Globalization 2.0 and the Rise of the Rest

International economic conferences like the one I attended in Rio a few weeks ago can be a little tedious, when experts debate their latest econometric models.   Yet, I sat up and listened intently when an IMF official remarked, almost as an aside, that the world’s emerging economies would account for 48 percent of global GDP this year.   That means that by 2013 or so, developing countries will produce a majority of the world’s output.   Since the 1980s, globalization has proceeded largely along the lines of American capitalism.   These developments herald the beginning of Globalization 2.0, which will present entirely new challenges to the American economy. 

Experts will quibble over the numbers.  The IMF used “purchasing power parity (PPP)” to produce its numbers, adjusting each country’s official GDP data for its relative cost of living before converting it into US dollars.   However, the same pattern holds if we measure each country’s GDP simply in U.S. dollars at current exchange rates.  By that measure, the share of global output coming from the advanced economies – that’s us, plus Western and Northern Europe, Canada, Japan and Australia -- has fallen from more than three-quarters a decade ago to somewhere between 60 and 65 percent today.   Most of that decline has come out of the economic hide of Europe and Japan.  Still, our ability to shape globalization in our own economic image -- from opening up everyone else’s borders to U.S. investors and strictly protecting intellectual property rights, to the dollar’s role as the world’s reserve currency – grows weaker, year by year.

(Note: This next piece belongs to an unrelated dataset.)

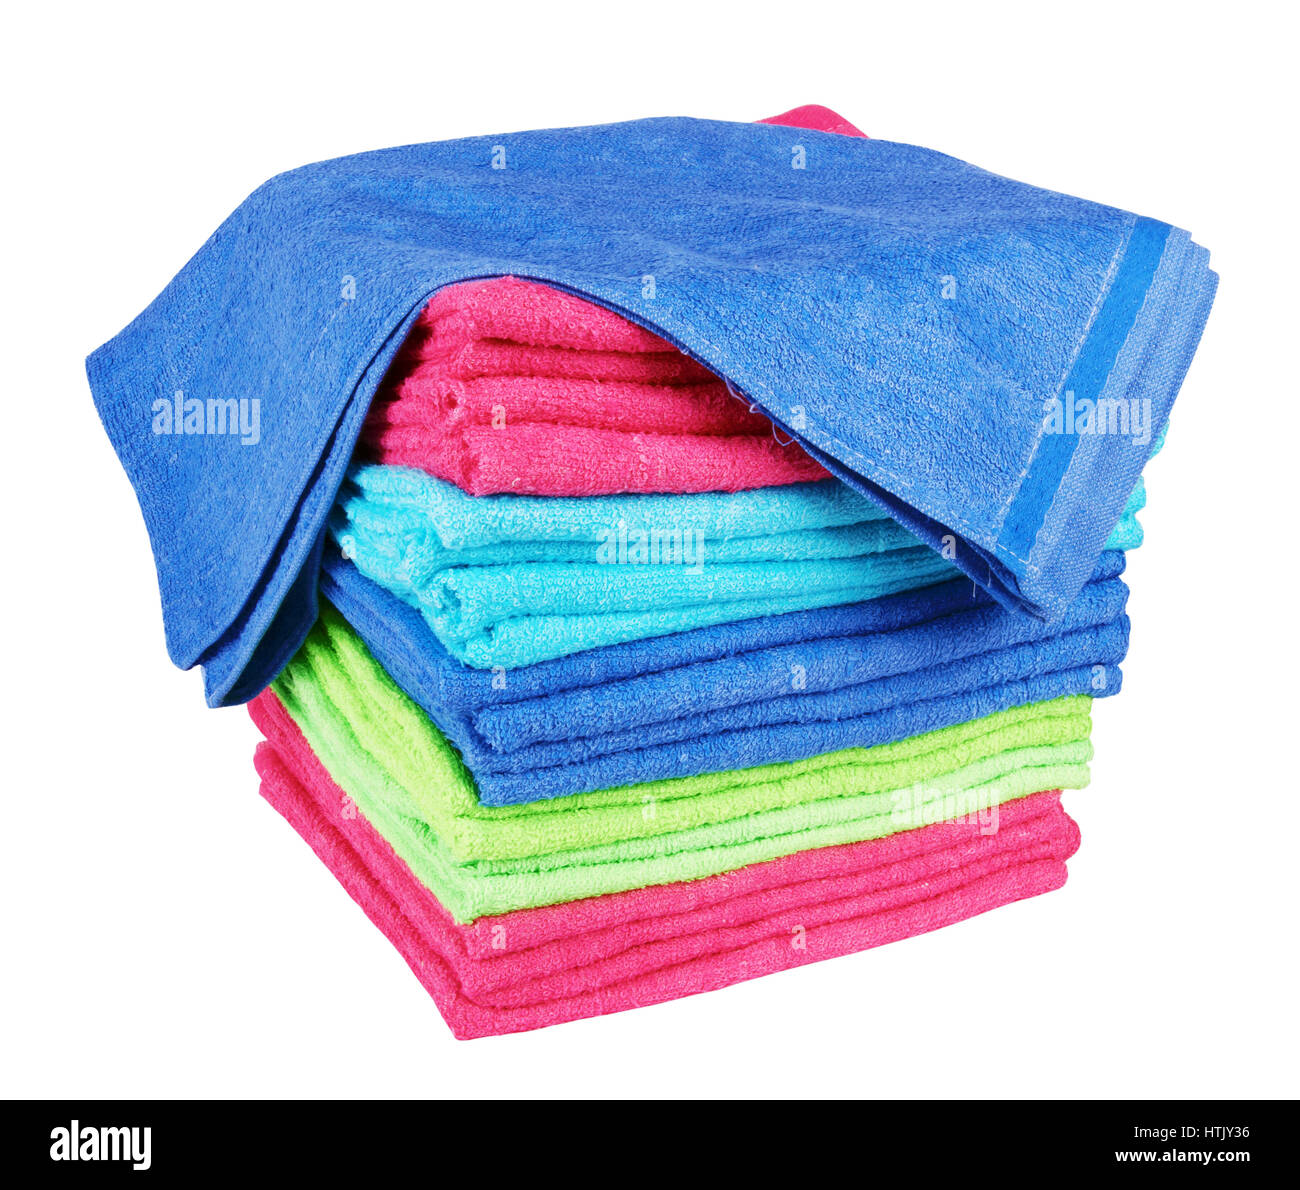 stacked colorful towels on a white background Stock Photo

The evidence is all around us.  China and India scuttled the Doha multilateral trade round, an outcome unimaginable a decade ago when they and most developing nations were much more willing to accept our judgments about the global economy.   From Latin America to Africa and parts of Asia, the recent efforts of the international “Financial Action Task Force” to crack down on money laundering and terrorist financing have been openly flouted.   And the international financial system’s rules for dealing with sovereign debt defaults, which for decades ensured generally fair compensation for foreign lenders to developing nations, have been openly mocked and discarded by such countries as Argentina and Ecuador.  If those nations’ approach were to spread in Europe’s festering sovereign debt crisis – still a remote prospect -- it would destabilize German and French banks with awful consequences for the United States, and dampen future foreign funding for poorer developing nations.  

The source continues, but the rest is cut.